U.S. patent application number 11/188718 was filed with the patent office on 2006-04-06 for rear projector.
Invention is credited to Young-il Kah, Sung-gi Kim, Seok-il Yoon.
Application Number | 20060072077 11/188718 |
Document ID | / |
Family ID | 36125159 |
Filed Date | 2006-04-06 |
United States Patent
Application |
20060072077 |
Kind Code |
A1 |
Yoon; Seok-il ; et
al. |
April 6, 2006 |
Rear projector
Abstract
A rear projector that can be made slim and compact and can
prevent image reversal. The rear projector includes a cathode ray
tube to scan light and generate an image, a projection lens unit to
magnify and project the image generated by the cathode ray tube, a
screen on which the projected image is formed, and a reflection
optical system interposed between the projection lens unit and the
screen to change a path of projected light. The cathode ray tube
and the reflection optical system are arranged such that a raster
direction of the cathode ray tube and a direction along which the
image is formed on the screen are parallel or substantially
parallel to each other.
Inventors: |
Yoon; Seok-il; (Seo-gu,
KR) ; Kim; Sung-gi; (Suwon-si, KR) ; Kah;
Young-il; (Suwon-si, KR) |
Correspondence
Address: |
STANZIONE & KIM, LLP
919 18TH STREET, N.W.
SUITE 440
WASHINGTON
DC
20006
US
|
Family ID: |
36125159 |
Appl. No.: |
11/188718 |
Filed: |
July 26, 2005 |
Current U.S.
Class: |
353/77 |
Current CPC
Class: |
H04N 5/7408 20130101;
H04N 9/3141 20130101; G03B 21/10 20130101; G03B 21/28 20130101 |
Class at
Publication: |
353/077 |
International
Class: |
G03B 21/28 20060101
G03B021/28 |
Foreign Application Data
Date |
Code |
Application Number |
Oct 5, 2004 |
KR |
2004-79244 |
Claims
1. A rear projector, comprising: a cathode ray tube to scan light
and generate an image; a projection lens unit to magnify and
project the image generated by the cathode ray tube; a screen on
which the projected image is formed; and a reflection optical
system interposed between the projection lens unit and the screen
to change a path of the magnified and projected image, wherein the
cathode ray tube and the reflection optical system are arranged
such that a raster direction of the cathode ray tube and a
direction along which the image is formed on the screen are
parallel or substantially parallel to each other.

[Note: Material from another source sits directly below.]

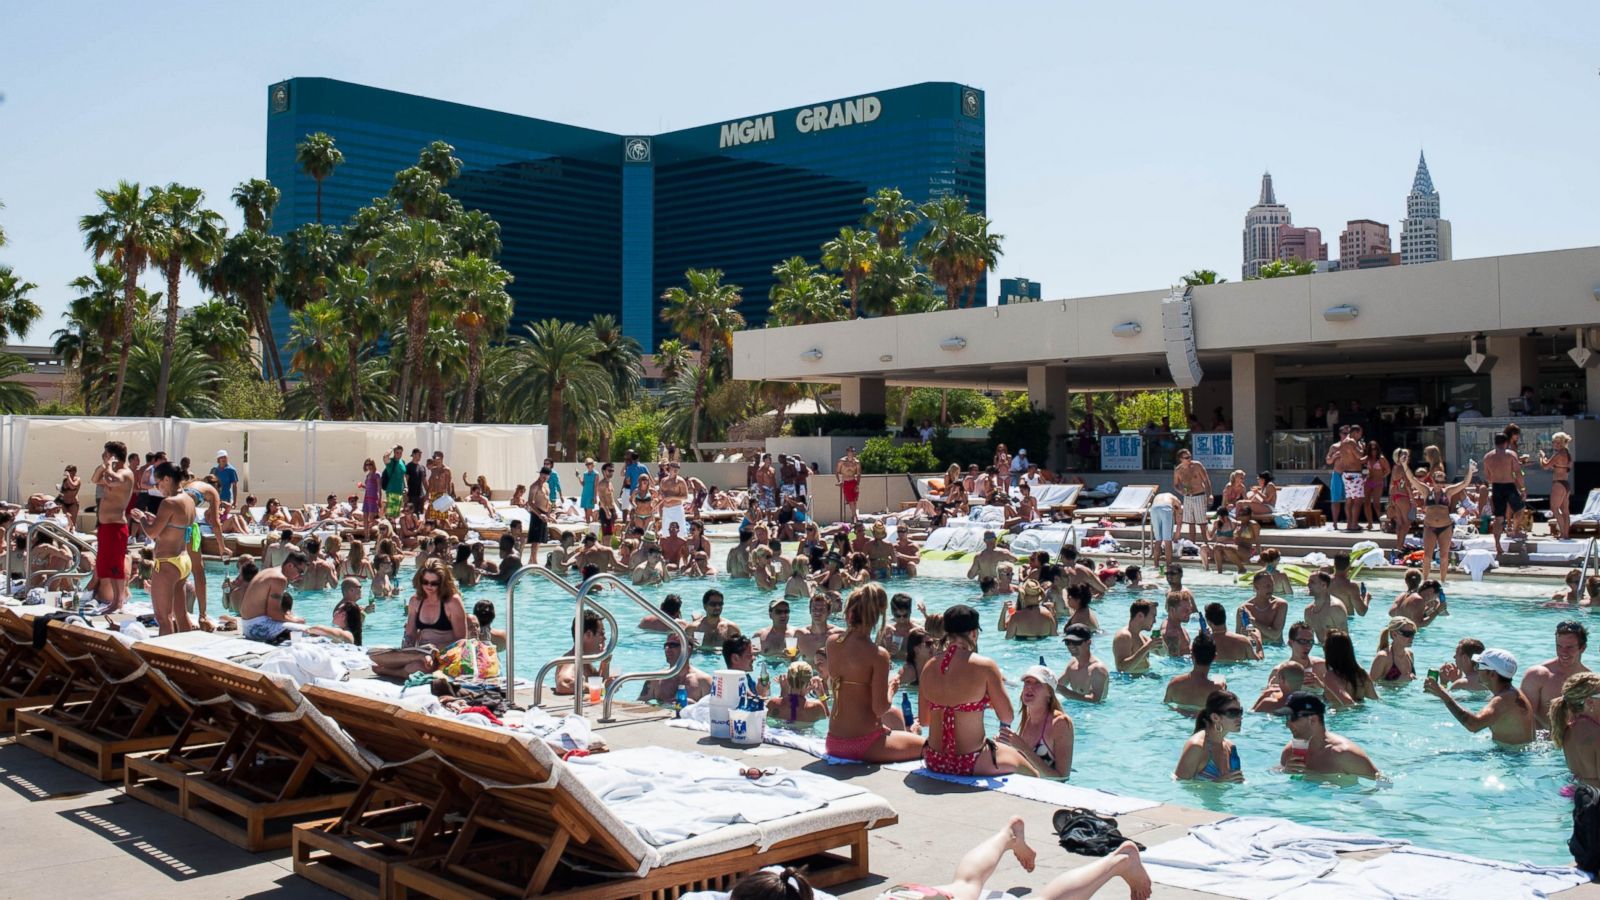 A Complete List Of All Las Vegas Pools & Pool Parties

2. The rear projector of claim 1, wherein when a raster of the
cathode ray tube and the image formed on the screen are drawn at
the same point, the raster direction of the cathode ray tube and
the direction along which the image is formed on the screen form an
angle of between 0 to 5.degree..
3. The rear projector of claim 2, wherein the reflection optical
system comprises: a first reflecting mirror disposed at a first
angle with respect to a first direction of the rear projector to
face the projection lens unit and to reflect an incident image; and
a second reflecting mirror disposed at a second angle with respect
to the first direction of the rear projector and between the first
reflecting mirror and the screen to reflect the image reflected by
the first reflecting mirror to the screen.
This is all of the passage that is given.